2022年オフ(11月1日)に実施するトライアウトは、再びリーグ一本の合同で開催することが同年8月29日に発表された[108]。ただし、発表後にリーグ加盟が承認された宮崎は、独自のトライアウトを開催した[109]のほか、北九州と大分も独自トライアウトを個別に実施した[110][111]。
主な個人タイトル獲得者には表彰が実施されている[112]。MVPは初年度から選出されているが[113]、ベストナインの選出は最初の2年間は実施されなかった。2023年より選出されており[114]、ファン投票によって決定された[115]。準加盟球団の選手(2024年の佐賀)の公式戦実績については、個人記録の対象外とされている[89]。2024年のベストナインも、前年同様ファンの投票で選出される[116]。
2020年11月のリーグ設立会見で、代表理事(当時)の田中は沖縄を含めた九州各県8チームとする将来構想(パワー九州リーグ構想)を述べている[15]。2021年3月の時点で、田中は2022年度は4球団に拡大してリーグ戦を実施したいとしていた[27]。
2021年10月28日の報道では、2022年は3球団での開催となり、2023年に4球団とする構想もあるとされた[73]。代表理事(当時)の田中は、九州の3県に参加の意向を持つチームが存在するとしている[72]。
沖縄県内にはリーグ発足時点で2019年に創設したプロ野球球団「琉球ブルーオーシャンズ」が存在していた。先述の火の国サラマンダーズ創設時に琉球を含めて3チームで新リーグを発足させるという一部報道があったが、同チームは報道翌日に公式のTwitterにおいて、「(今の時点において)そのような事実はない」と否定している[118][119]。その後、2022年で活動を休止している。

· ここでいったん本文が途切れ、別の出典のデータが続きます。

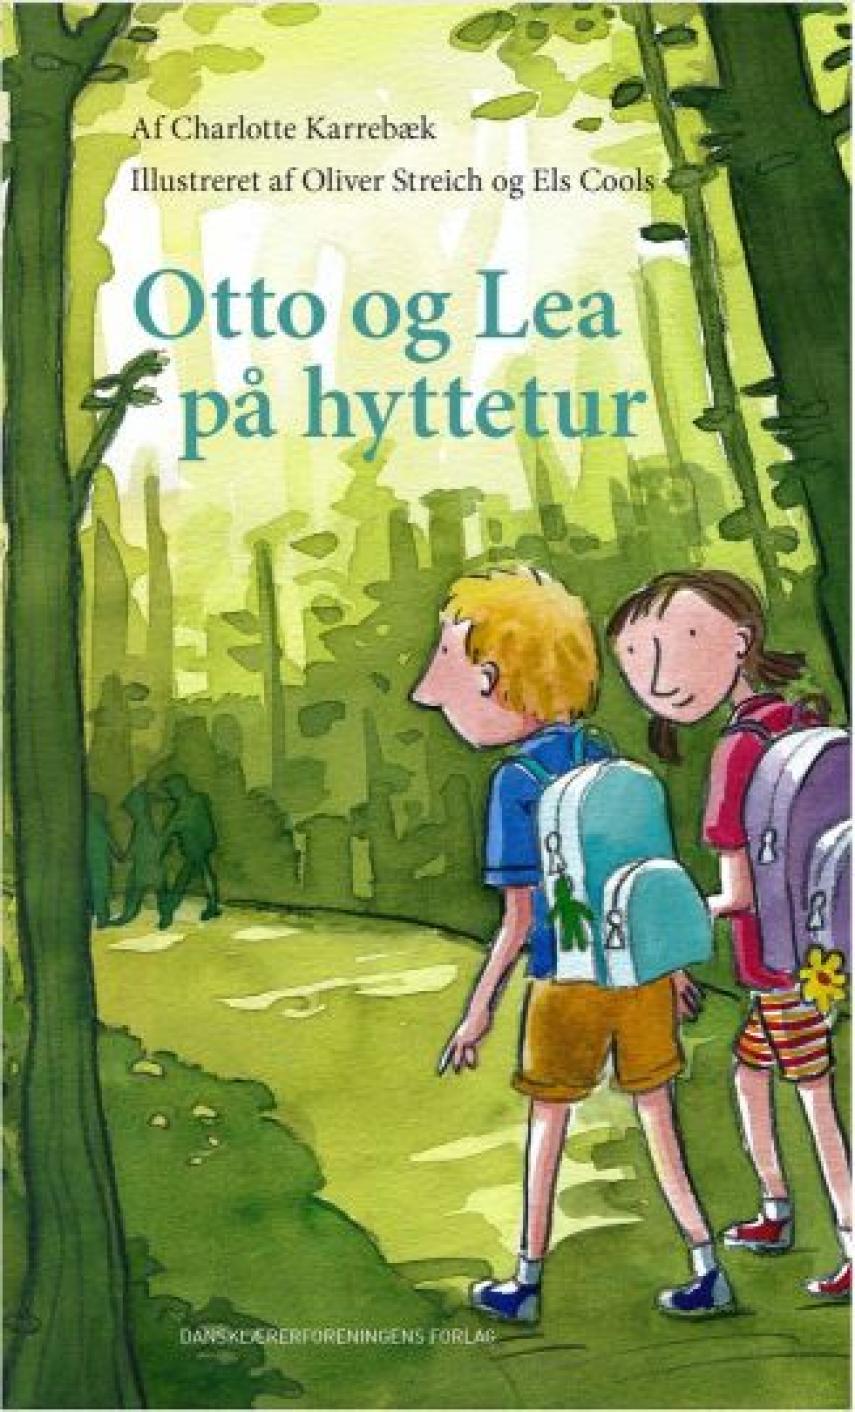 Charlotte Karrebæk: Otto og Lea på hyttetur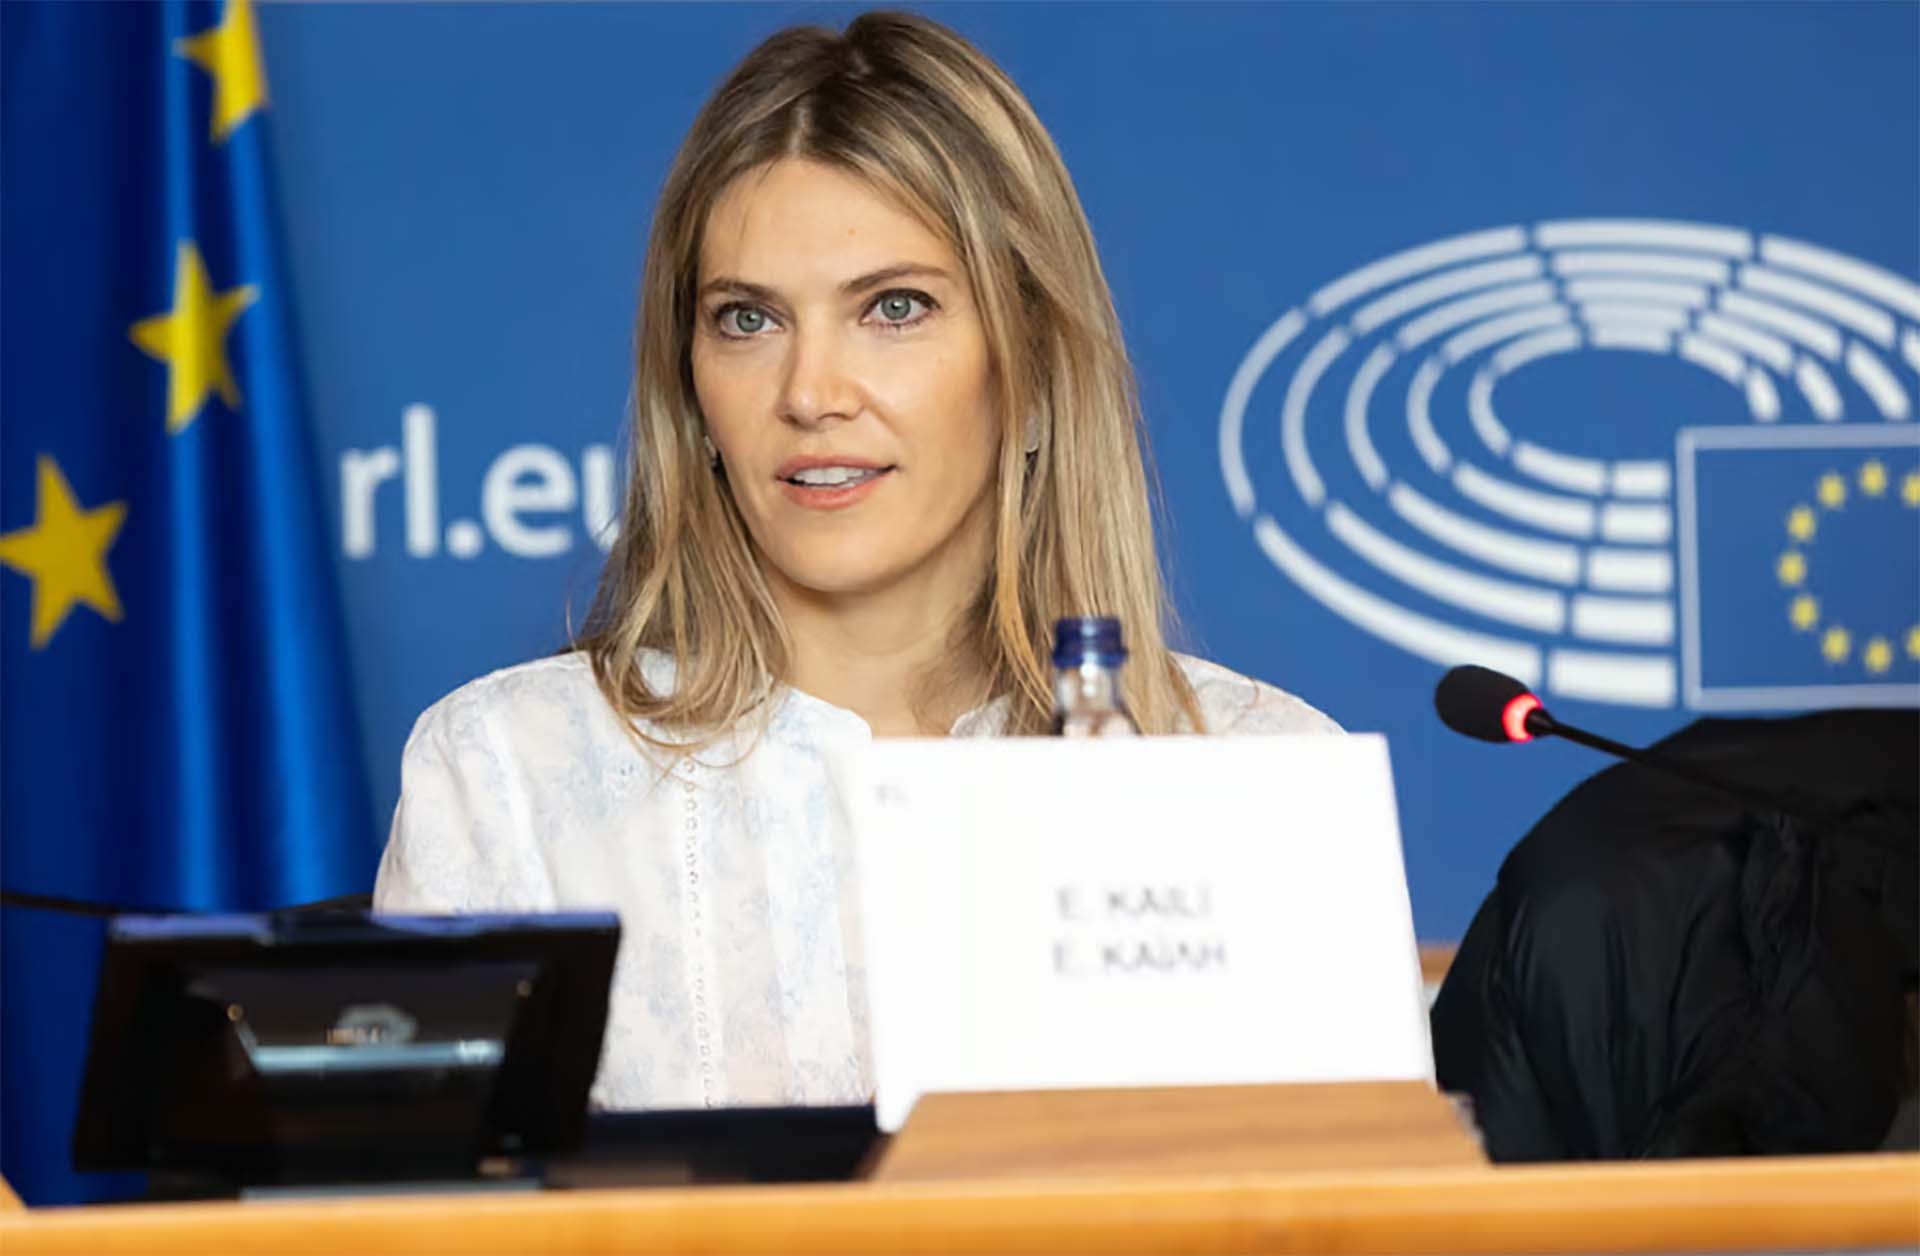 Bà Eva Kaili đã bị đình chỉ chức vụ Phó Chủ tịch Nghị viện châu Âu.(Nguồn: Politico)

2021年5月22日に最初に西日本新聞に報じられ[120]、同月26日に球団関係者がオンライン会見を実施した[121][122]。2021年9月10日、球団側は公式Twitterにて、九州アジアリーグへの正式加盟認証をされたことを発表。同リーグも同日付で同球団の加盟を承認したことを発表した[36]。
2022年9月9日、九州アジアリーグ公式ホームページにて、宮崎県を本拠地とする「宮崎サンシャインズ」が正式に加盟認証されたことが発表された[46]。
2023年4月21日、佐賀県を拠点とする新球団の社長である福原佑二が、2024年シーズンよりリーグへの参加を表明した[123]。
同日、熊本市内で関係者が開いた記者会見によると、インドネシア、フィリピン、スリランカの選手を主体としてチームを設立し、2024年にリーグに参加する[56]。共同代表は野原のほか、元千葉ロッテマリーンズ選手の香月良仁やペライチ会長の山下翔一、野球インドネシア代表や野球スリランカ代表で監督を務めた野中寿人らが務めている[56]。
2023年9月27日、リーグはインドネシア球団の準加盟を承認し、2025年の正式加盟に向けて2024年度は一部公式戦への参加を認めると発表した[58][124]。報道では2024年の開催試合数は24試合となる予定で、選手は野球インドネシア代表を主体としてスリランカやパキスタンの出身者も含めた構成となる[124]。
11月2日に、球団名が「佐賀インドネシアドリームズ」に決定するとともに、武雄市・嬉野市をホームタウンとする協定を両市との間で調印した[61]。